Taped on a wall inside a gas station off Highway 59 — amid a collage of business cards for lawn care and Bible tutoring services — it reads:
Name: Aubrey Dameron
Age: 25 years old
Height: 5’10
Weight: 140 lbs
Last Seen: Grove, Oklahoma 03/09/2019
Since Dameron disappeared from her northeast Oklahoma home nearly a year ago, her aunt, Pam Smith, has plastered dozens of placards around town. She has also organized search teams to scour fields and to drain a pond. And she has repeatedly pleaded for information in Facebook posts.
But so far, nothing.
“We just want to bring her home,” Smith said on a recent morning outside the gas station. “We want answers.”
Dameron, a member of the Cherokee Nation, is one of thousands of indigenous women who have gone missing or were found murdered in recent years.
Last year alone, nearly 5,600 Native American women were reported missing, according to the FBI’s National Crime Information Center. The actual number, activists say, is probably much higher, in part because local authorities sometimes mistakenly list the victims as Latina or white.
In November, President Trump signed an executive order establishing a federal task force to explore what he termed a crisis of violence against indigenous women.
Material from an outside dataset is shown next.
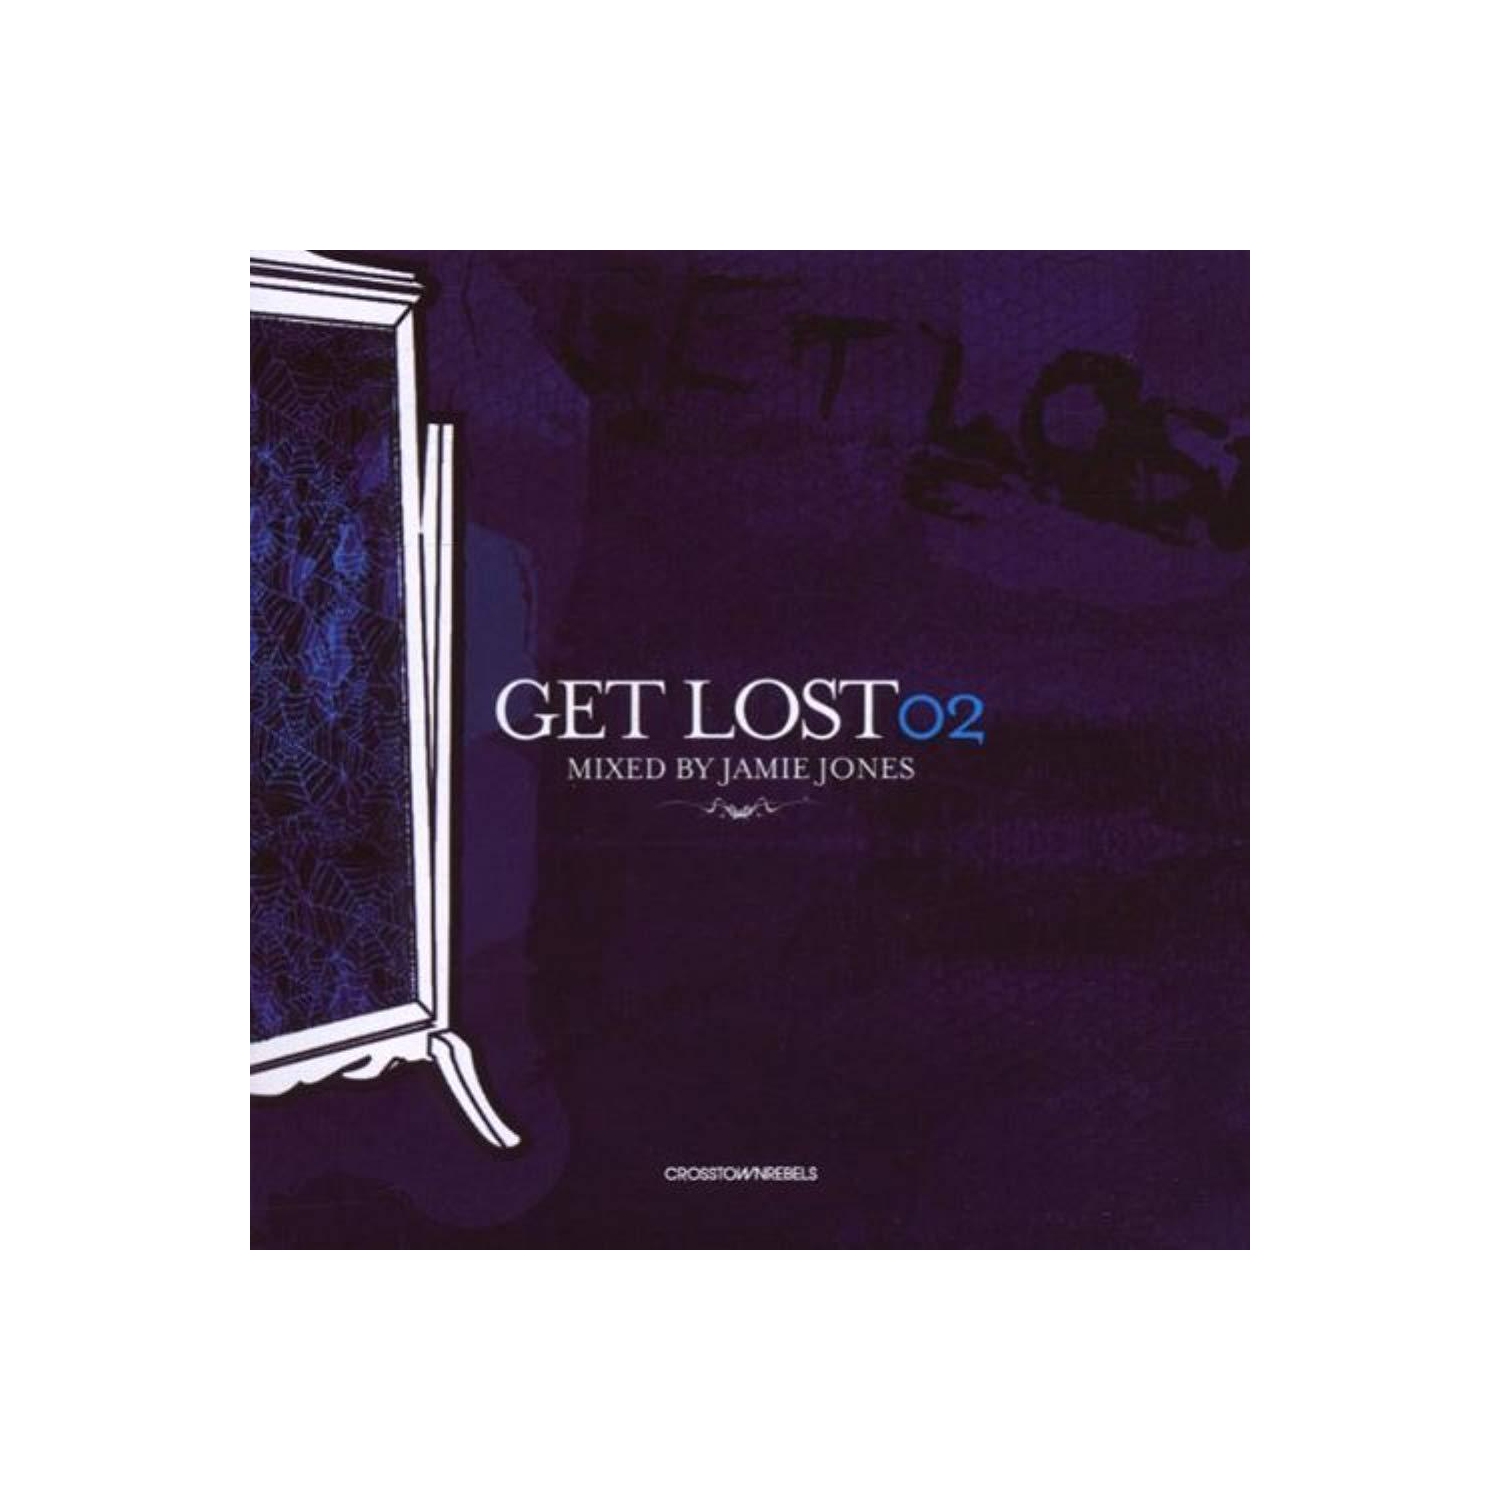 Get Lost 02 [Audio CD] Jamie Jones
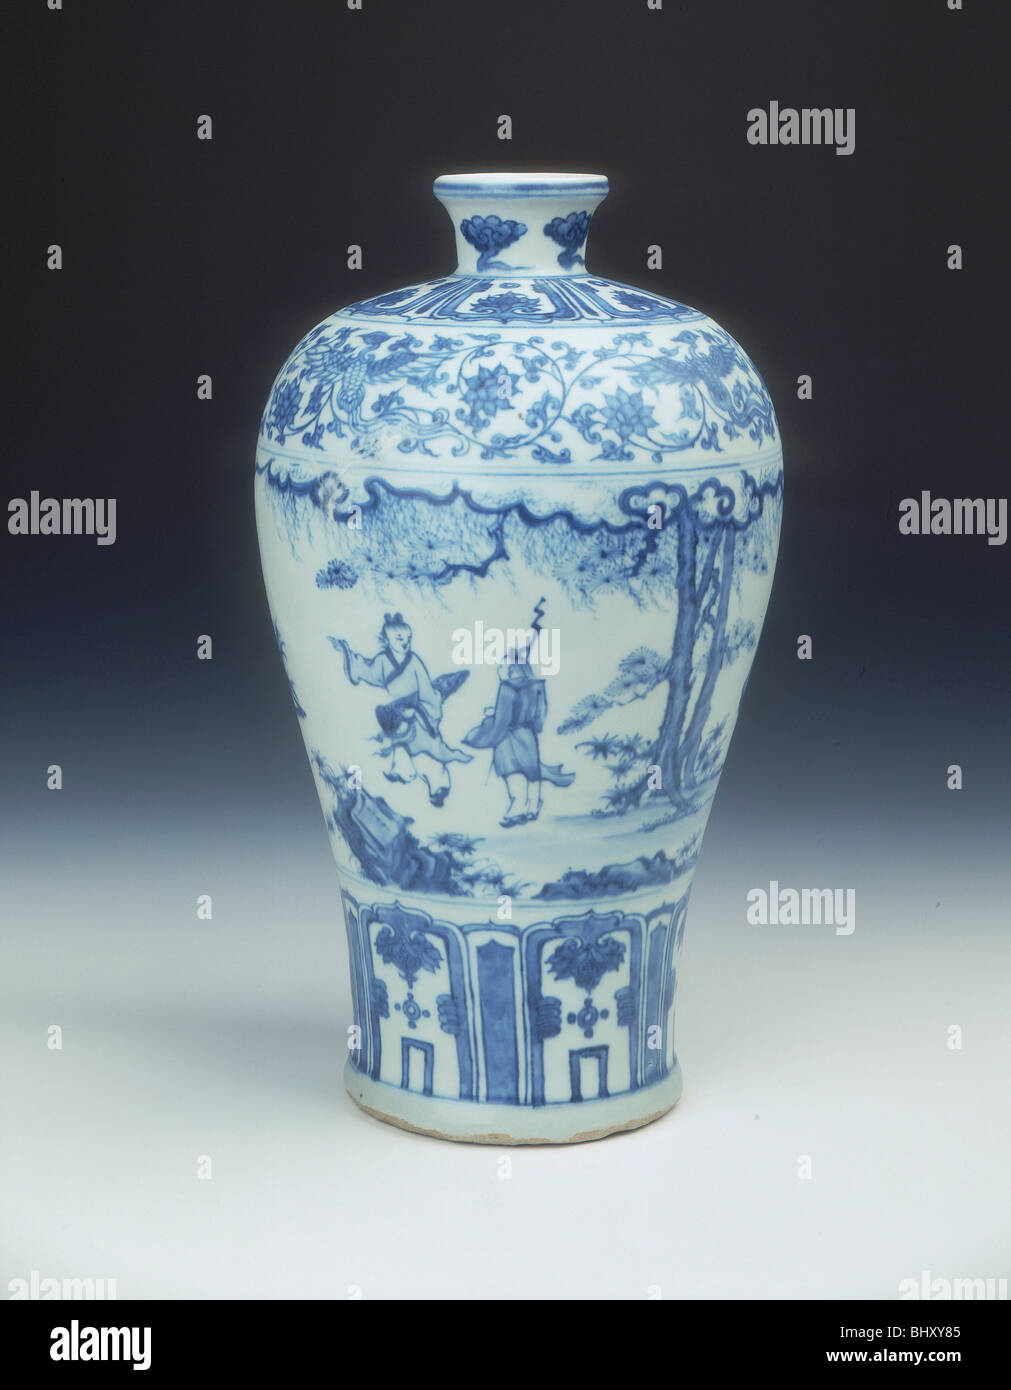 Vase meiping emaillé bleu et blanc, dynastie Ming, Chine, 2e moitié du 15e siècle. Artiste : Inconnu Banque D'Images

Atty. Gen. William Barr announced that $1.5 million would be targeted to hire missing-persons coordinators in U.S. attorney’s offices that handle large caseloads in Native American areas, including ones in Arizona, New Mexico and Oklahoma, and to establish better protocols for handling such cases. For years, activists and even state officials have acknowledged an inability of tribal officials and local law enforcement to work together to solve them.